Until now, there has been no certain methodology for sampling and analysis of MPs in freshwater. Most researchers adopted methods from the marine environment, with modifications. However, homogeneous and standard methods for the determination of MPs are missing. This fact hampers comparability between studies both in freshwater and marine environments. Different techniques for sample collection, preparation, and analysis of MPs are summarized in Figure 1.5.

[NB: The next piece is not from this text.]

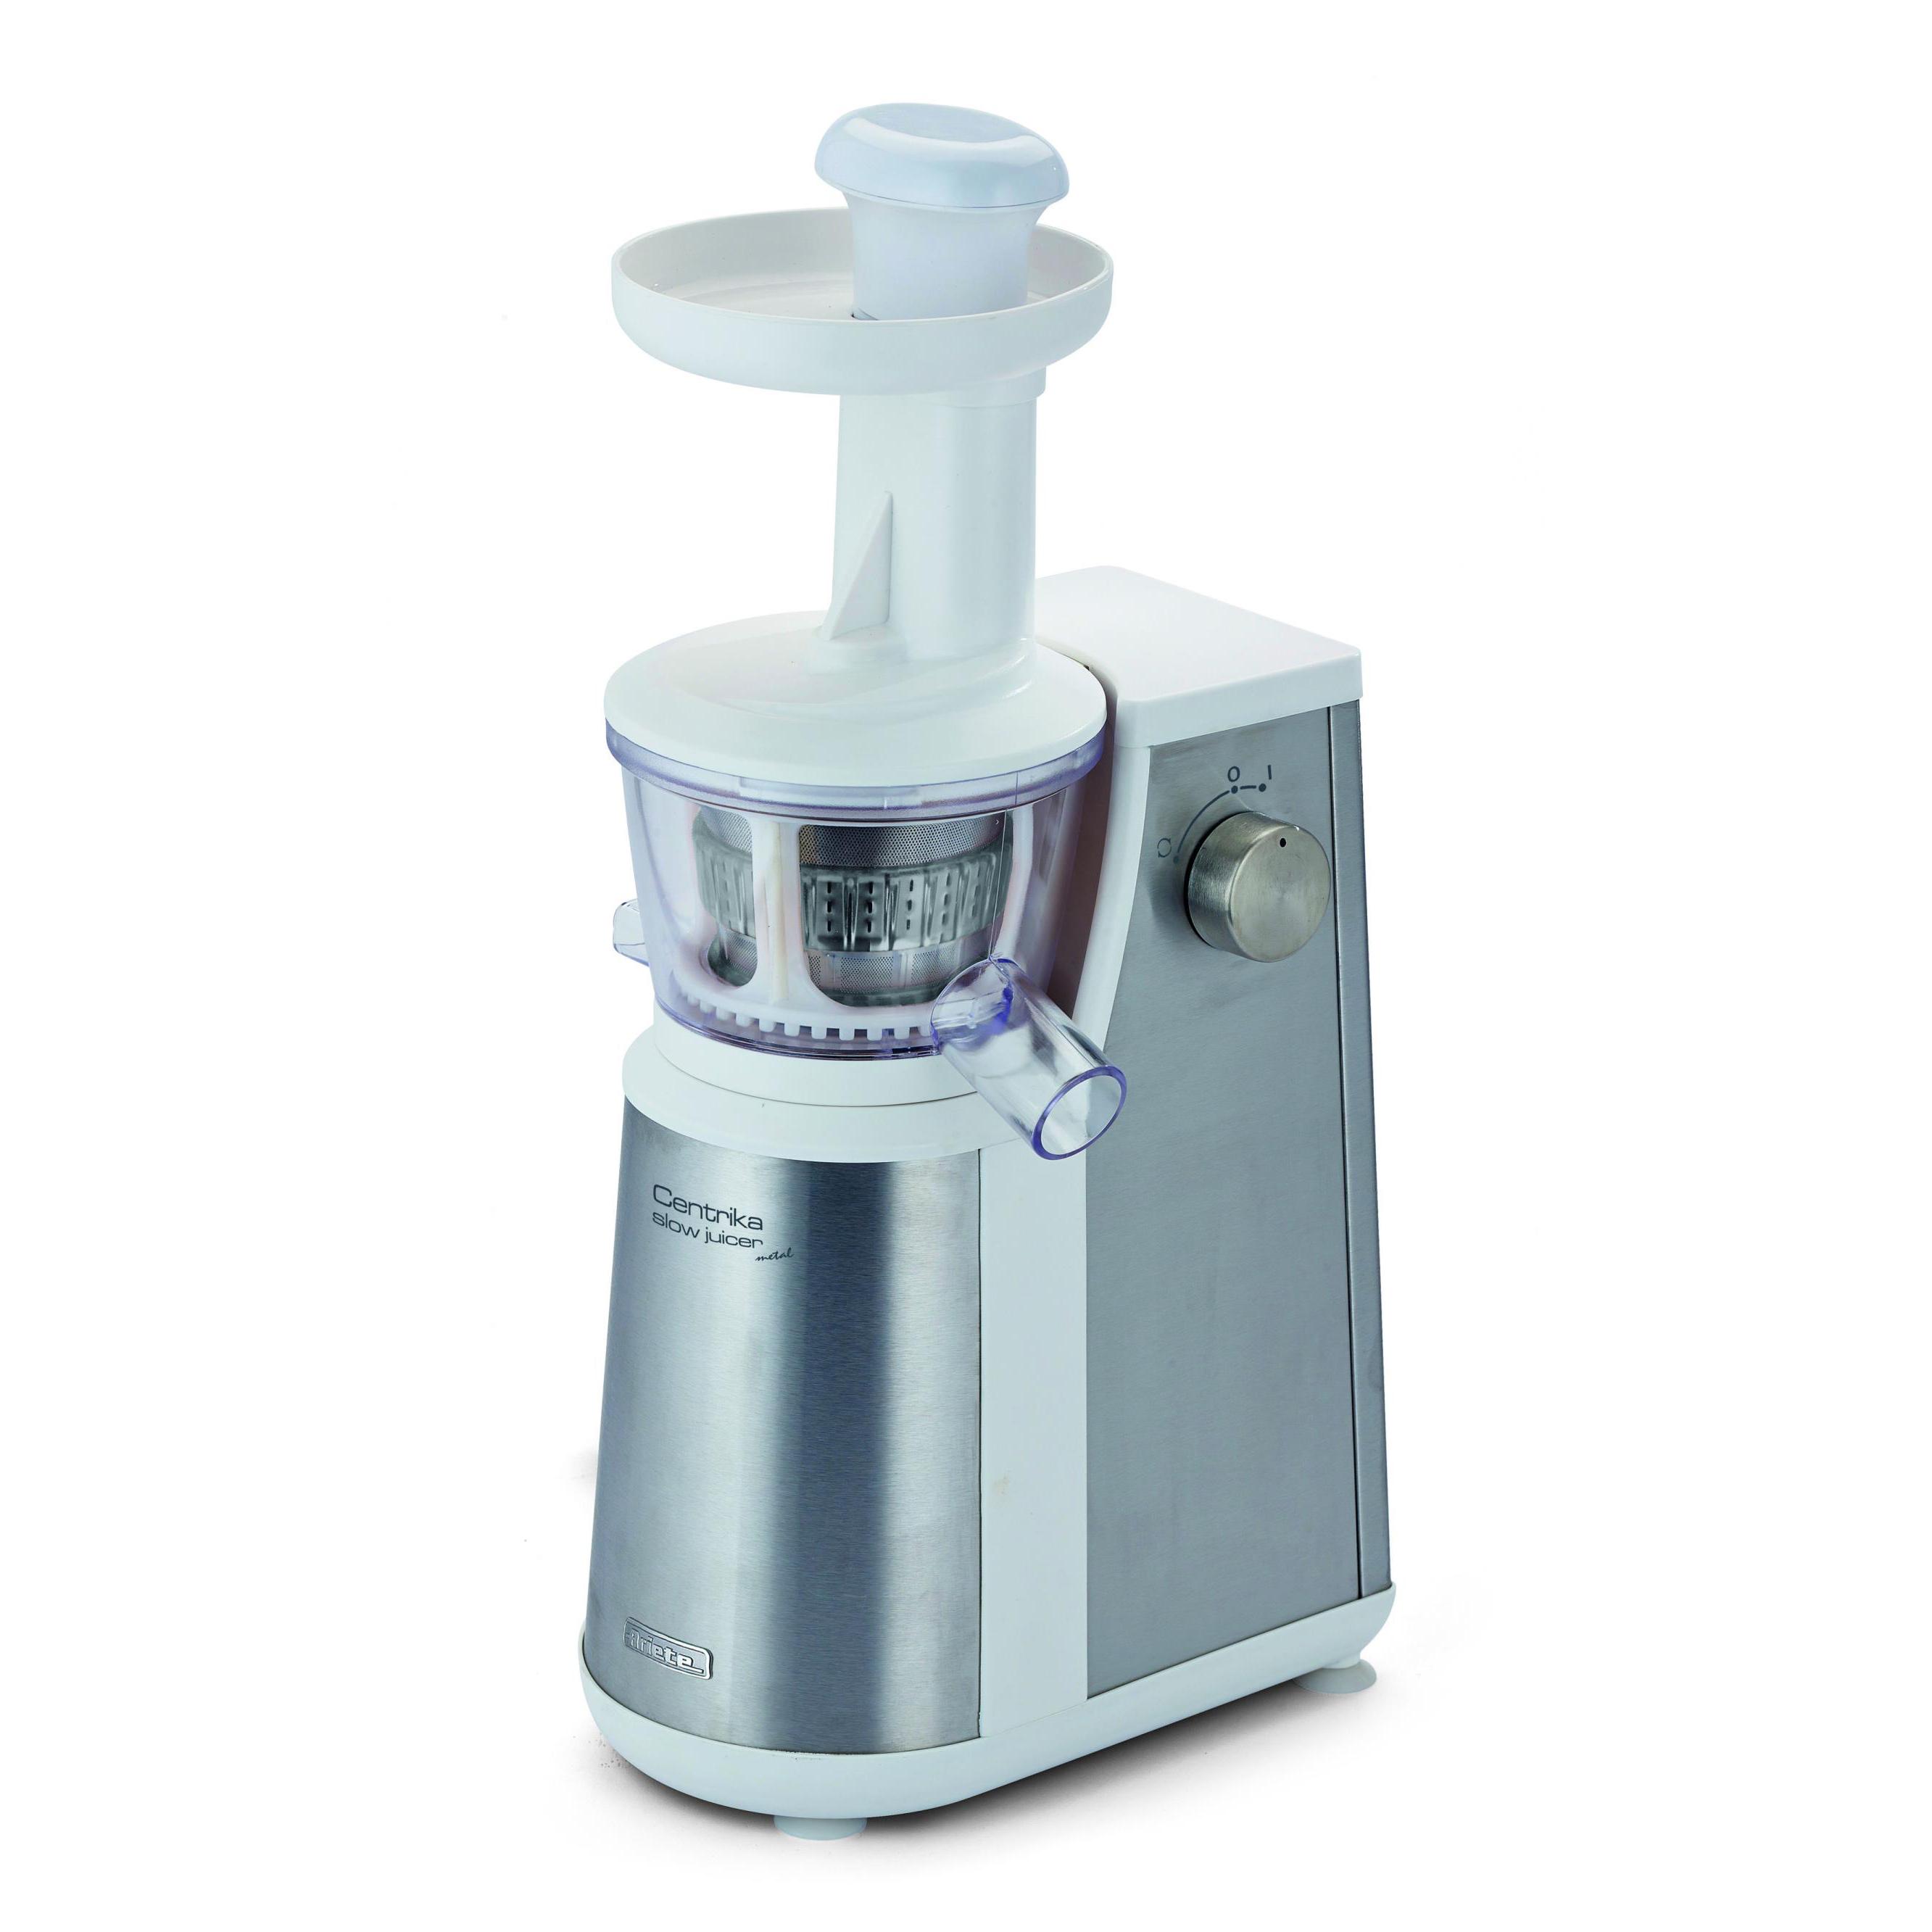 Slow Juicer Panasonic Opinioni : Recensione Ariete 00C017700AR0 Centrika Slow Juicer Metal Opinioni Estrattori di Succo ...

As reported in previous studies, the abundance of MPs in water samples is lower than that of sediment samples (Ta and Babel 2020b). Thus, a large quantity of water is usually collected to acquire a representative sample. Volume reduced samples were commonly applied for the sampling of surface water. Until now, most studies used manta trawls or plankton nets to collect water samples. Different mesh sizes of these nets are used, ranging from 50 to 3000 μm (Tan et al. 2019; Zhang et al. 2015), while 333 μm is the most commonly used in all studies (Anderson et al. 2017; Free et al. 2014; Su et al. 2016; Ta and Babel 2020b; Wong et al. 2020). Flow meters are attached to plankton nets or manta trawls to determine the filtered water volume. This helps to normalize the number of MPs to the volume of filtered water. Another technique is the measurement of the sampling area by the Global Positioning System (GPS). Thus, results are presented as the number of MPs per surface area. Trawling speed depends on the water velocity or wave action, but usually ranges from one to five knots (Ta and Babel 2020a; Tan et al. 2019; Wong et al. 2020). Another sampling method is direct filtration of water through sieves or by the collection of batch samples (Crew et al. 2020; Yan et al. 2019). In this method, a smaller water volume can be collected, thus the sample representability is reduced (Wang et al. 2017).

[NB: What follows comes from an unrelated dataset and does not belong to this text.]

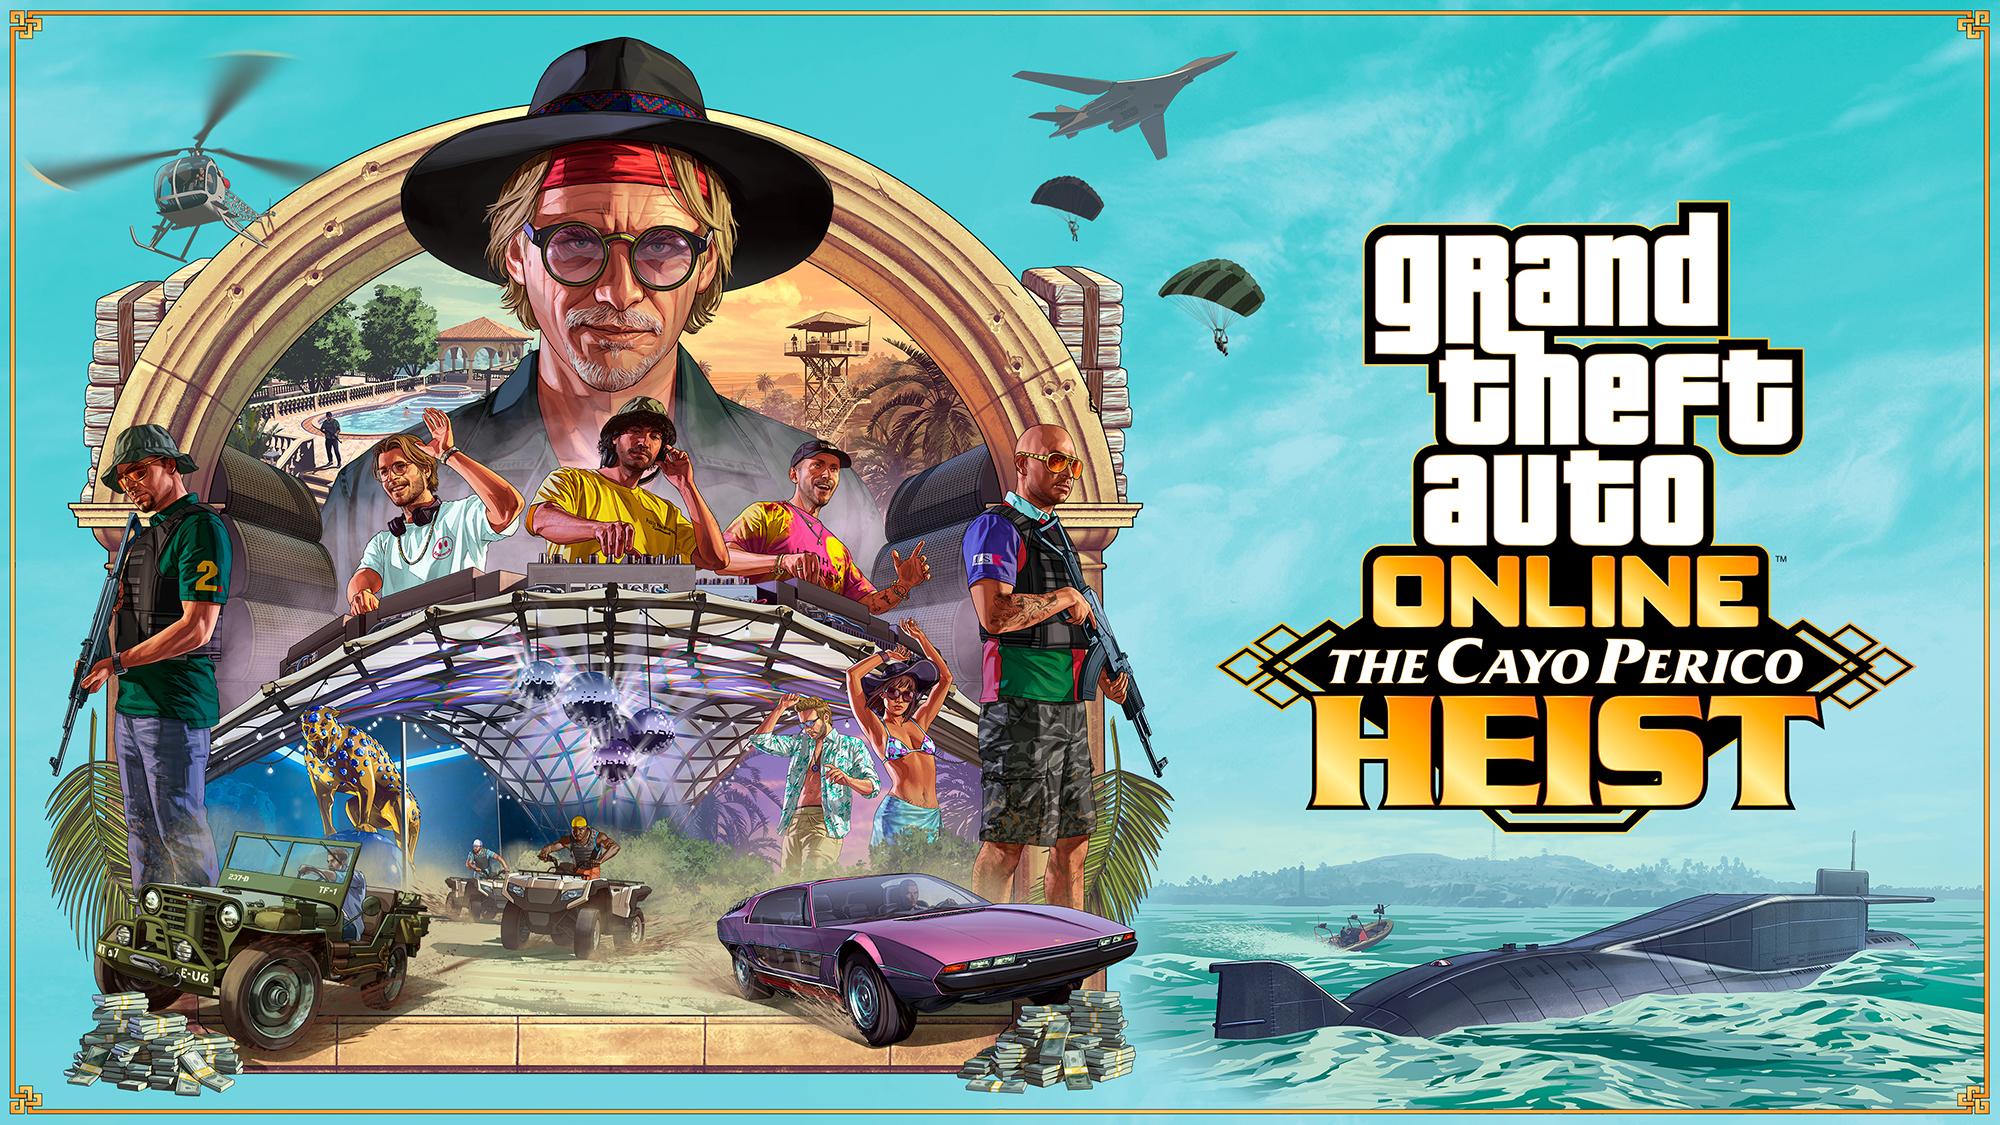 GTA Online: Cayo Perico Heist

Figure 1.5 Techniques reported in the literature for identifying MPs in sediment and water samples.

The sampling of sediment samples can be separated into the collection from the shoreline and bottom of the river or lake. For shore sediments, sampling strategies are transected sampling perpendicular, random sampling, and sampling in single squares or parallel to the water. Most studies applied the grid sampling method with depths of 2–5 cm on the surface layer (Jiang et al. 2019; Klein et al. 2018). Frame and corers are usually used to determine the sampling area. Non‐plastic tools such as scoop, trowels, or shovels, and non‐plastic sampling vessels are required (Alam et al. 2019; Jiang et al. 2019; Peng et al. 2018). Bottom sediment from the riverbed or lakebed can be carried out with grab samplers such as Ekman or Van Veen grabs or corers (Alam et al. 2019; Fan et al. 2019; Ta et al. 2020c; Wang et al. 2017). The sediment samples collected by grab methods are usually disturbed, therefore this is suitable for surface layer (top 5 cm) or bulk sampling. Conversely, sampling by cores allows determining MP depth profiles and undisturbed surface and depth layers. Nevertheless, the number of samples that can be collected is limited. According to Dris et al. (2018), river bottom sediments are mostly collected by grabs, while corers or grabs are used for lake bottom sediments. The number of MPs is usually normalized to the sediment volume or weight, and sampling area.